Here is what I would like to get as output.

• Words common to both the sources
• Words only present in our source but not in reference source.
• Words only present in reference source but not in our source.

I am able to use comm(bash command) to the above information for only the words. I don't know how to use comm to compare only against one column rather than both columns.

The system should be scalable and we would like to perform this on every day basis and compare the results. I also would like to get approximate matches.

So, I am thinking of writing a map reduce job. I am planning to write the map and reduce function as below, but I have few questions.

Map
For each word
output key = word and value = structure{ filename,frequency}
done

Reduce
For each key
Iterate through all the values and check if both file1 and file2 are contained.
If yes, then write it to appropriate file.
If only in file1, write it to file1only file
If only in file2, write it to file2only file.
Done.

I have two questions. In the map reduce, I can give as input a directory containing my two files. I don't know how to get the filename from which I am reading the words. How to get this information? How can write to different output files, because reduce phase automatically writes to only default file named as part-xxxxx. How to write to different output files.

Thanks for reading this.

Answer 1

If I were doing this in Java, I'd use a HashMap. Wikipedia suggests that a trie is marginally better in some cases, but I'm not sure that you'll see much difference.

Answer 2

This looks like a job for which the Aho-Corasick string search algorithm was designed for. I have never coded it myself, but googling a little should turn up some code.

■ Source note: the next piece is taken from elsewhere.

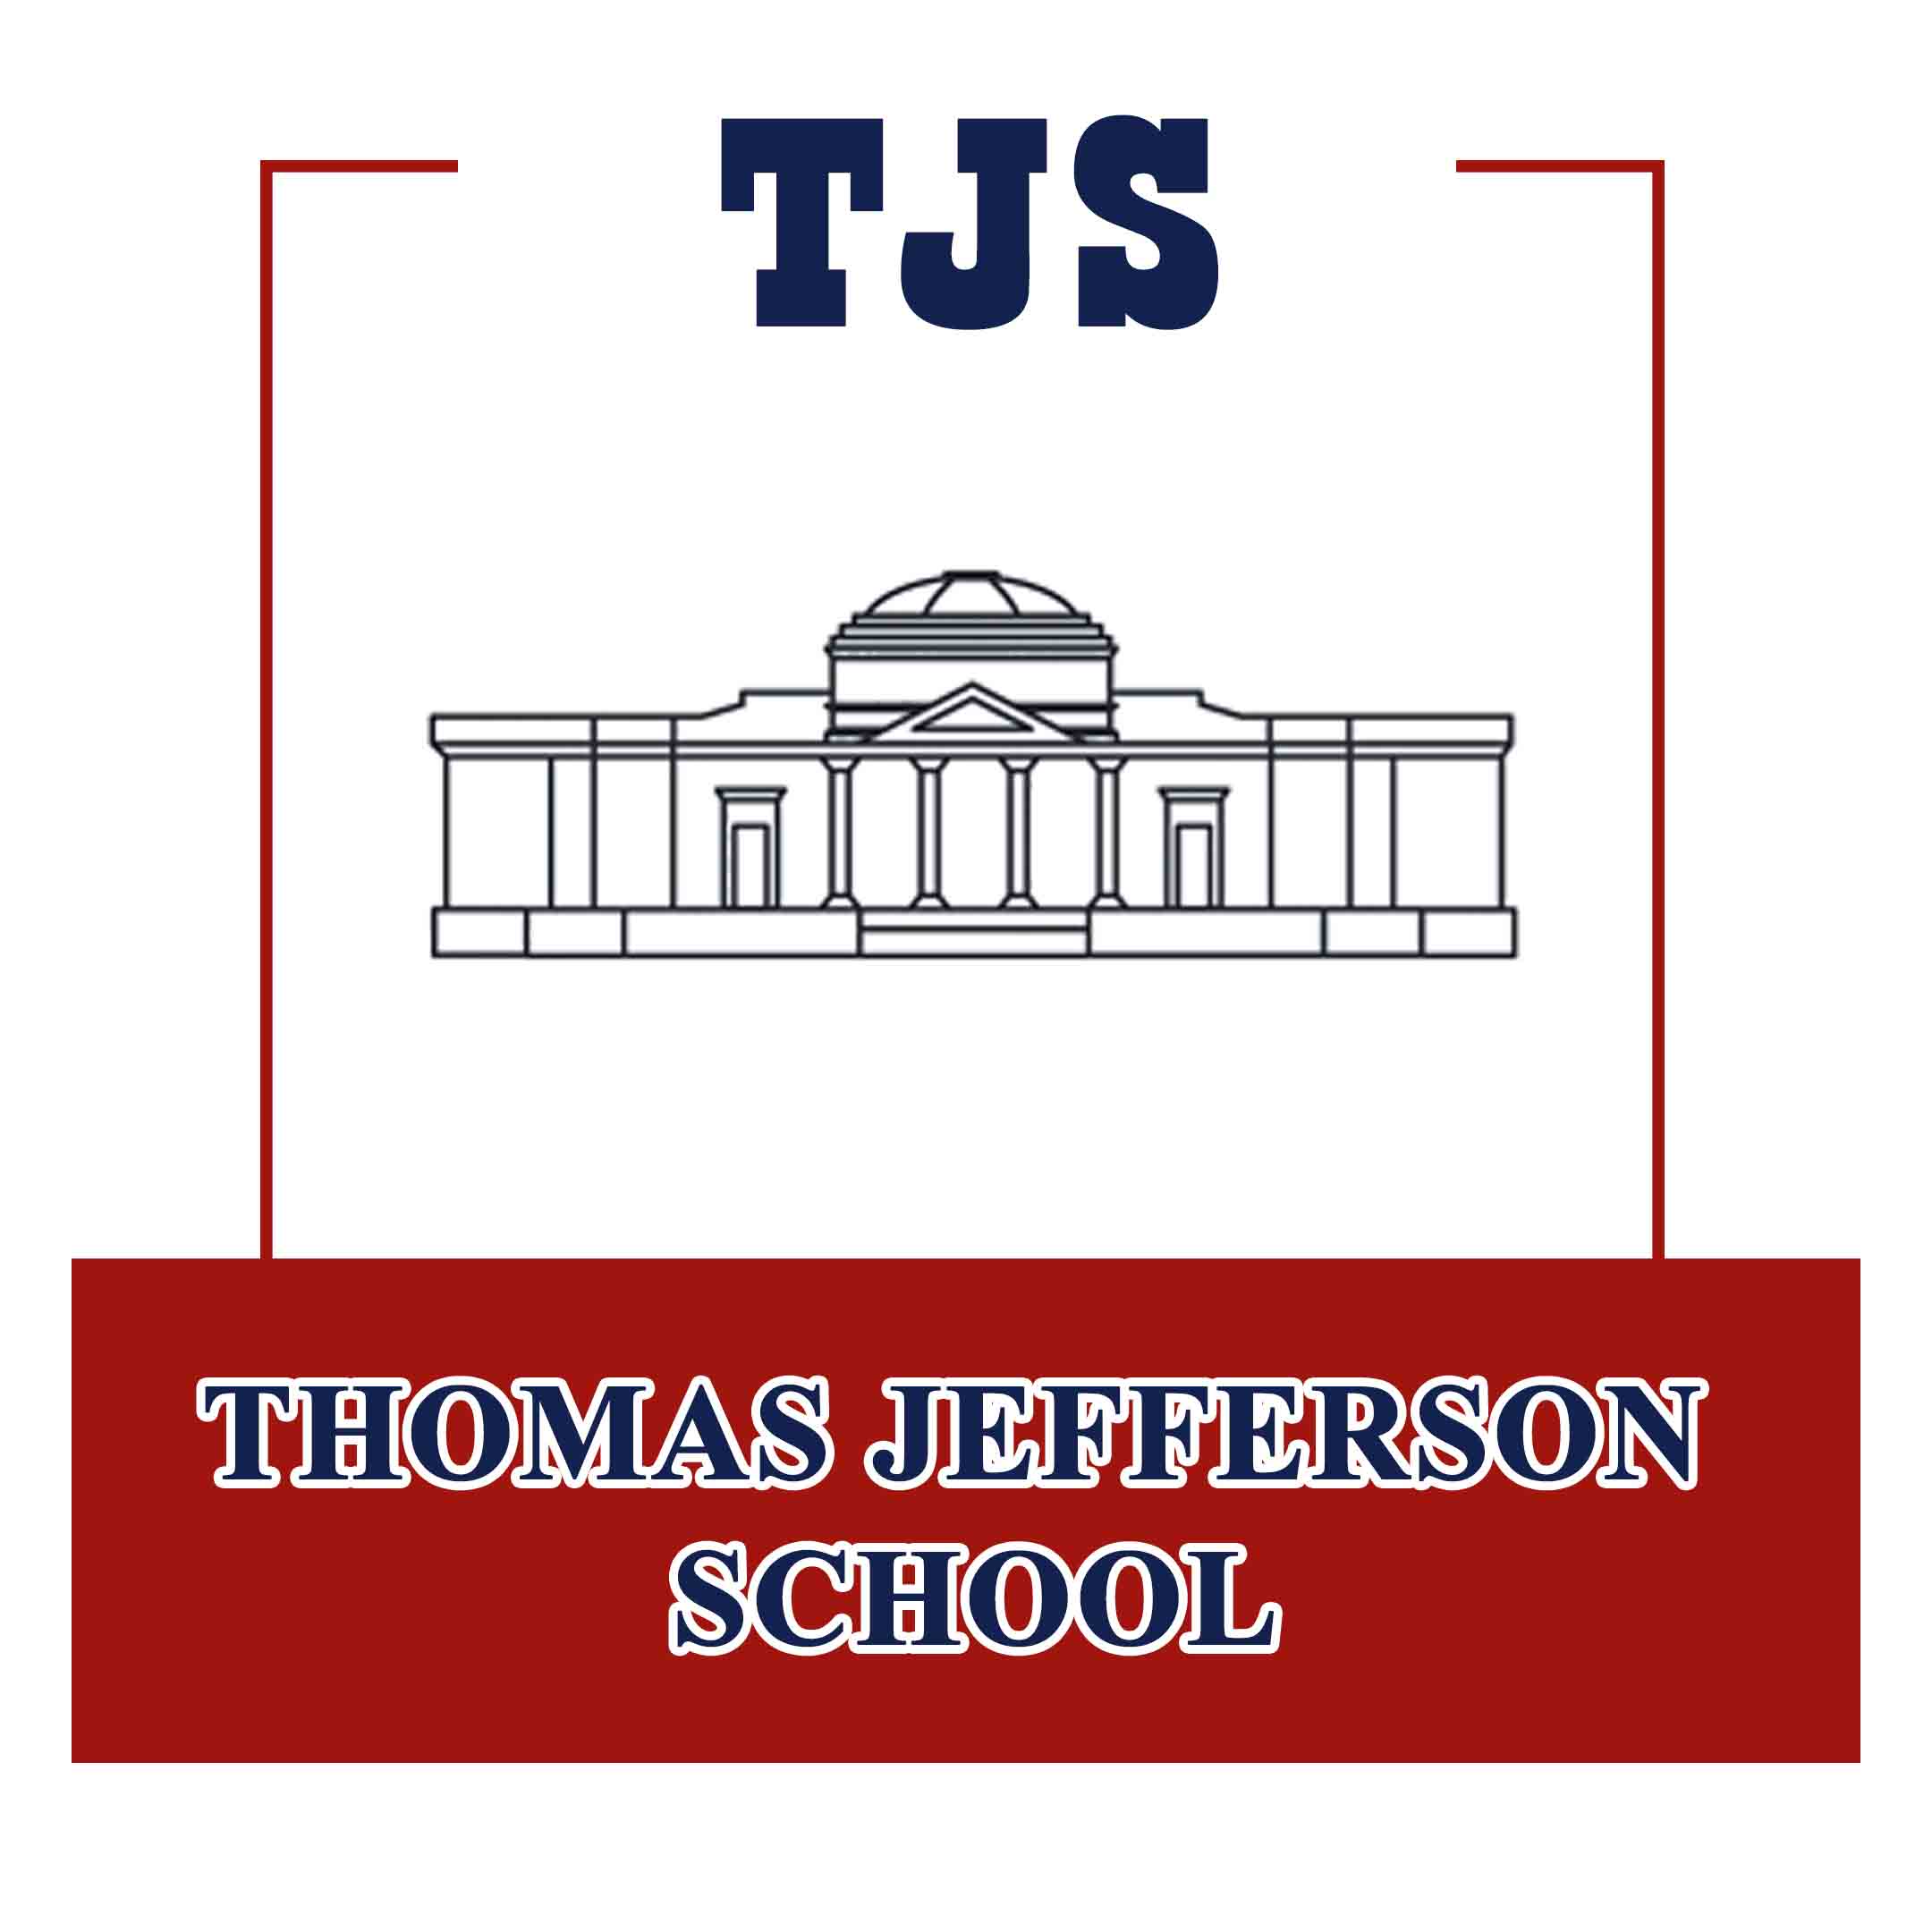 THOMAS JEFFERSON SCHOOL

Rabin-Karp might also work, but I have no idea how it works for multiple patterns when they are not all of the same length. Note: the multi-pattern pseudocode in the wikipedia article appears to be wrong. But should give you a starting point.

Answer 3

In the spirit of quick and dirty:

fgrep --mmap -f query-file corpus-file

Answer 4

Data structure that is used in text search engines is called inverted index. And as it have been said, very good open source search engine is Lucene.

Answer 5

With MapReduce you shouldn't try and do everything in single step or job. It looks like you should split this problem up into multiple steps. Since you are generating the data that's stored on the HDFS, and you need to know the source you should probably go for a format something like:

{SOURCE},{WORD},{FREQUENCY}

Remember that you are talking about a distributed file system, so refering to your inputs as file1 and file2 isn't technically correct. Both your reference data and source data will be spread throughout the cluster, with pieces of each located on each node.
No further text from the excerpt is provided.